RE: Kafka ETL Camus Question

Posted by Aditya Auradkar <aa...@linkedin.com.INVALID>.
Hi Bhavesh,

I just checked with one of the devs on the Camus team. We run the Camus job with speculative execution disabled.

Aditya

________________________________________
From: Pradeep Gollakota [pradeepg26@gmail.com]
Sent: Monday, February 02, 2015 11:15 PM
To: users@kafka.apache.org
Subject: Re: Kafka ETL Camus Question

Hi Bhavesh,

At Lithium, we don't run Camus in our pipelines yet, though we plan to. But
I just wanted to comment regarding speculative execution. We have it
disabled at the cluster level and typically don't need it for most of our
jobs. Especially with something like Camus, I don't see any need to run
parallel copies of the same task.

On Mon, Feb 2, 2015 at 10:36 PM, Bhavesh Mistry <mi...@gmail.com>
wrote:

> Hi Jun,
>
> Thanks for info.  I did not get answer  to my question there so I thought I
> try my luck here :)
>
> Thanks,
>
> Bhavesh
>
> On Mon, Feb 2, 2015 at 9:46 PM, Jun Rao <ju...@confluent.io> wrote:
>
> > You can probably ask the Camus mailing list.
> >
> > Thanks,
> >
> > Jun
> >
> > On Thu, Jan 29, 2015 at 1:59 PM, Bhavesh Mistry <
> > mistry.p.bhavesh@gmail.com>
> > wrote:
> >
> > > Hi Kafka Team or Linked-In  Team,
> > >
> > > I would like to know if you guys run Camus ETL job with speculative
> > > execution true or false.  Does it make sense to set this to false ?
> > Having
> > > true, it creates additional load on brokers for each map task (create a
> > map
> > > task to pull same partition twice).  Is there any advantage to this
> > having
> > > it on vs off ?
> > >
> > > mapred.map.tasks.speculative.execution
> > >
> > > Thanks,
> > >
> > > Bhavesh
> > >
> >
>

Re: Kafka ETL Camus Question

Posted by Pradeep Gollakota <pr...@gmail.com>.
Hi Bhavesh,

At Lithium, we don't run Camus in our pipelines yet, though we plan to. But
I just wanted to comment regarding speculative execution. We have it
disabled at the cluster level and typically don't need it for most of our
jobs.

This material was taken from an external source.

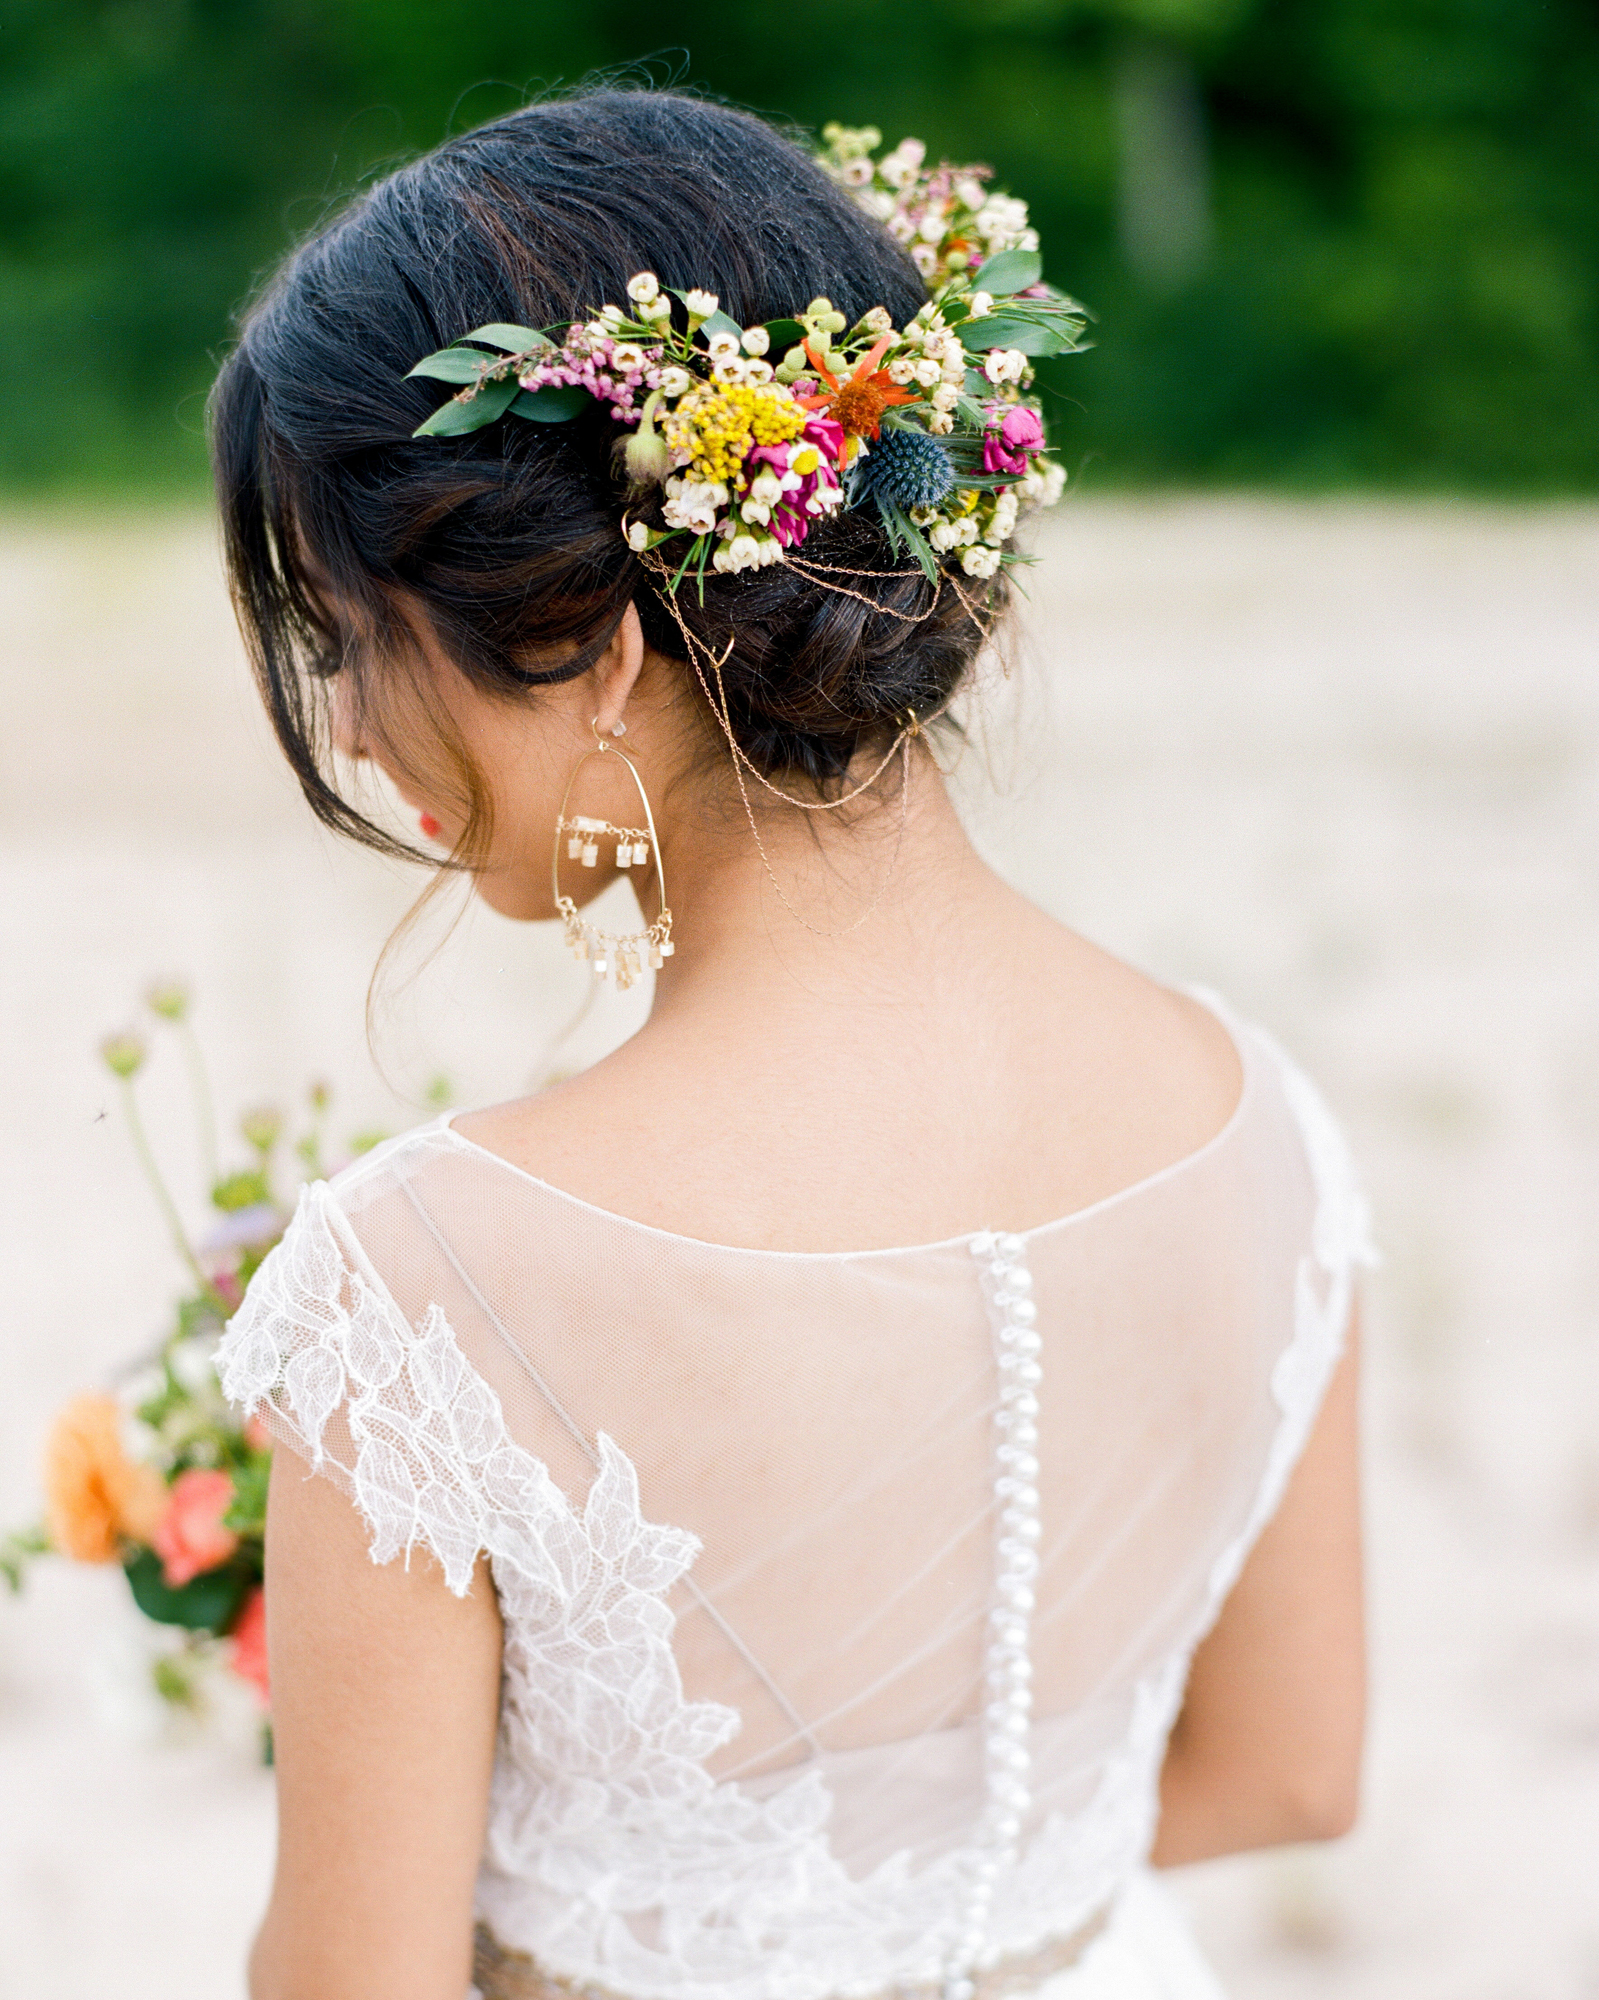 atalia-raul-wedding-bride-35-s112395-1215.jpg

Especially with something like Camus, I don't see any need to run
parallel copies of the same task.

On Mon, Feb 2, 2015 at 10:36 PM, Bhavesh Mistry <mi...@gmail.com>
wrote:

> Hi Jun,
>
> Thanks for info.  I did not get answer  to my question there so I thought I
> try my luck here :)
>
> Thanks,
>
> Bhavesh
>
> On Mon, Feb 2, 2015 at 9:46 PM, Jun Rao <ju...@confluent.io> wrote:
>
> > You can probably ask the Camus mailing list.
> >
> > Thanks,
> >
> > Jun
> >
> > On Thu, Jan 29, 2015 at 1:59 PM, Bhavesh Mistry <
> > mistry.p.bhavesh@gmail.com>
> > wrote:
> >
> > > Hi Kafka Team or Linked-In  Team,
> > >
> > > I would like to know if you guys run Camus ETL job with speculative
> > > execution true or false.  Does it make sense to set this to false ?
> > Having
> > > true, it creates additional load on brokers for each map task (create a
> > map
> > > task to pull same partition twice).  Is there any advantage to this
> > having
> > > it on vs off ?
> > >
> > > mapred.map.tasks.speculative.execution
> > >
> > > Thanks,
> > >
> > > Bhavesh
> > >
> >
>

Re: Kafka ETL Camus Question

Posted by Bhavesh Mistry <mi...@gmail.com>.
Hi Jun,

Thanks for info.  I did not get answer  to my question there so I thought I
try my luck here :)

Thanks,

Bhavesh

On Mon, Feb 2, 2015 at 9:46 PM, Jun Rao <ju...@confluent.io> wrote:

> You can probably ask the Camus mailing list.
>
> Thanks,
>
> Jun
>
> On Thu, Jan 29, 2015 at 1:59 PM, Bhavesh Mistry <
> mistry.p.bhavesh@gmail.com>
> wrote:
>
> > Hi Kafka Team or Linked-In  Team,
> >
> > I would like to know if you guys run Camus ETL job with speculative
> > execution true or false.  Does it make sense to set this to false ?
> Having
> > true, it creates additional load on brokers for each map task (create a
> map
> > task to pull same partition twice).  Is there any advantage to this
> having
> > it on vs off ?
> >
> > mapred.map.tasks.speculative.execution
> >
> > Thanks,
> >
> > Bhavesh
> >
>